Pete Wehner is offended that his view that his relationship should be worth more than mine under the law because he’s heterosexual can be described as "discriminatory." How can it not be discriminatory? You may want to describe your view as merely wanting "to preserve the traditional meaning of marriage," but when that preservation is entirely limited to keeping gays out, and you want the law to enforce such a distinction, then it is simply a fact that discrimination is your policy. You think it’s good discrimination, but it’s still discrimination unrelated to any civil marital responsibility a gay couple is prepared to fulfill.

This remains true however such a policy is maintained or arrived at – by courts or legislatures or, as is usually the case in the US, some combination thereof. What neither Wehner nor Obama have fully grappled with is that there are really only two coherent positions: civil equality or civil discrimination. Obama wants to end discrimination but not embrace equality; Wehner wants discrimination but not the moral taint of being a bigot. These straddling positions are not unusual in the midst of social change. But we have reached a point at which the useful fictions on which they rest are crumbling.

Obama = Re-Branded Bush? II

A conservative reader writes:

Note Obama’s recent embrace of Israel’s attack on Syria’s nuclear facility (an instance of pure Bush preemption doctrine); and his strong insinuation that he might do the same to Iran. Note his support for the FISA reform bill that will pass the Senate on July 8: Although he criticizes immunity, he supports the warrantless surveillance mechanism that is the essence both of the new bill and of the president’s old supersecret Terrorist Surveillance Program, which this bill would prospectively and perhaps permanently legitimize. (Incidentally, if the TSP was unconstitutional as Obama once argued, the procedure cannot be saved by legislation: Feingold is right about that). 

Note also Obama’s promise to Iraq’s foreign minister not to do anything that would jeopardize current gains or Iraqi security;

taken together with his commitment to withdrawing as fast as such circumstances permit, there is now no practical difference between Obama’s prospective Iraq policy and the Petraeus plan embraced by the President. In essence, there is now little practical difference between the candidates on national security issues — but that still leaves a lot of room to create the appearance of difference in the arena of rhetoric and political fantasy.

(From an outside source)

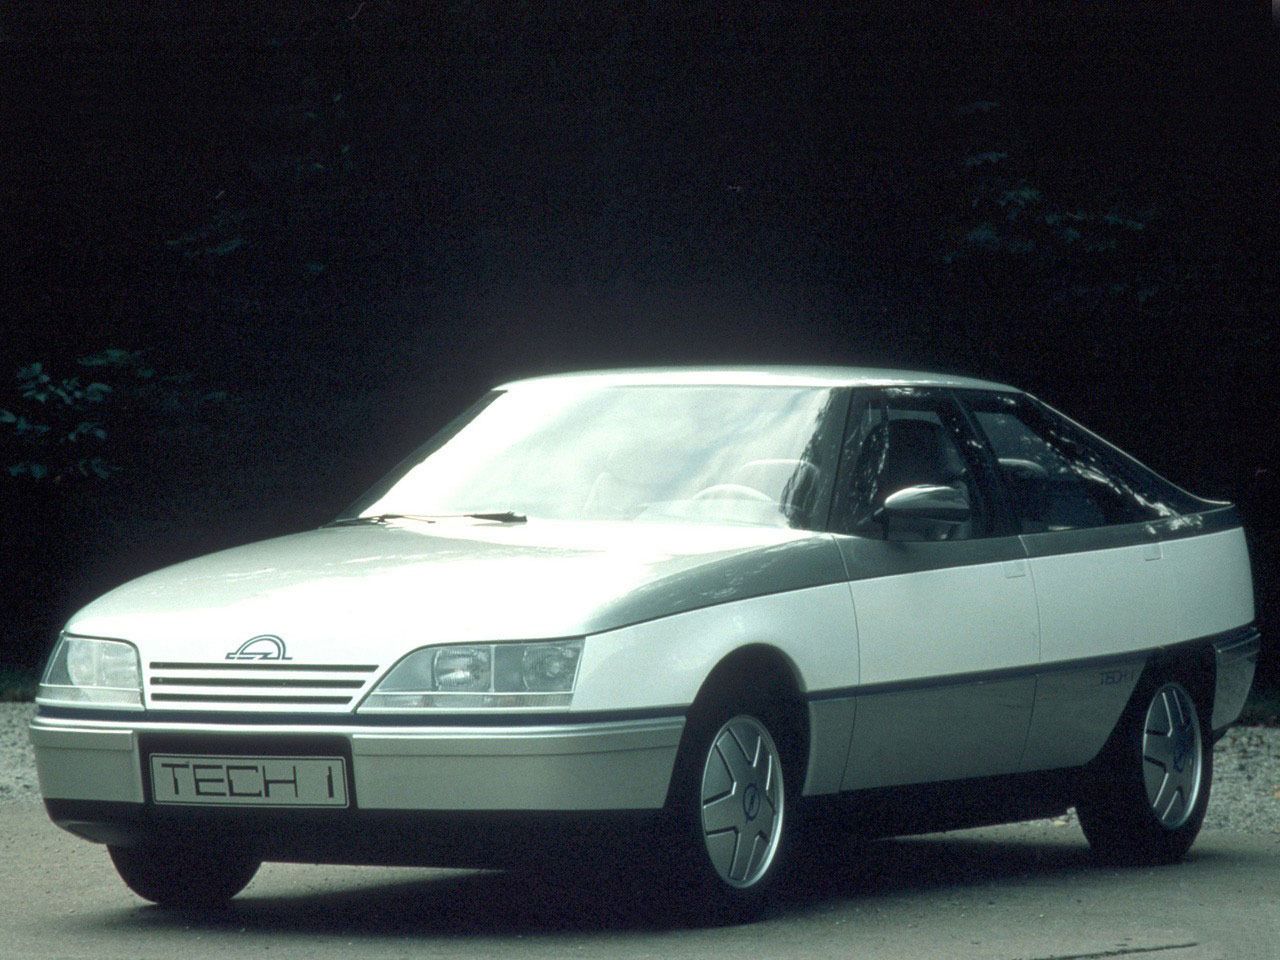 El primer proyecto de Bangle en Opel fue el prototipo Tech 1 Concept

Another way of looking at it, of course, is that Obama is simply responding to events on the ground, has never been a pacifist or non-interventionist, and has to operate within the empirical boundaries of the legacy he’s responding to. In office, the kind of pragmatism Obama represents will chart a gradual, not radical, course away from the current impasse. That’s why I’m increasingly interested in how Obama describes the ultimate goals of his Iraq strategy. There is a real difference between an attempt to retain control over an Arab Muslim state in the Middle East, and finding a way to leave it without fomenting a hotter stage in its civil war.

Copying The Communists

Go to Memeorandum and check out the blogs commenting on the NYT exclusive on the undisputed fact that the Bush administration knowingly used Communist torture techniques against prisoners in wartime. You will find no right-of-center blogs commenting. It’s an astonishing story – especially for any anti-Communist conservative who fought the good fight during the Cold War. But they won’t mention it. I guess when a Republican administration copies communists, conservative writers need to copy Stalinists.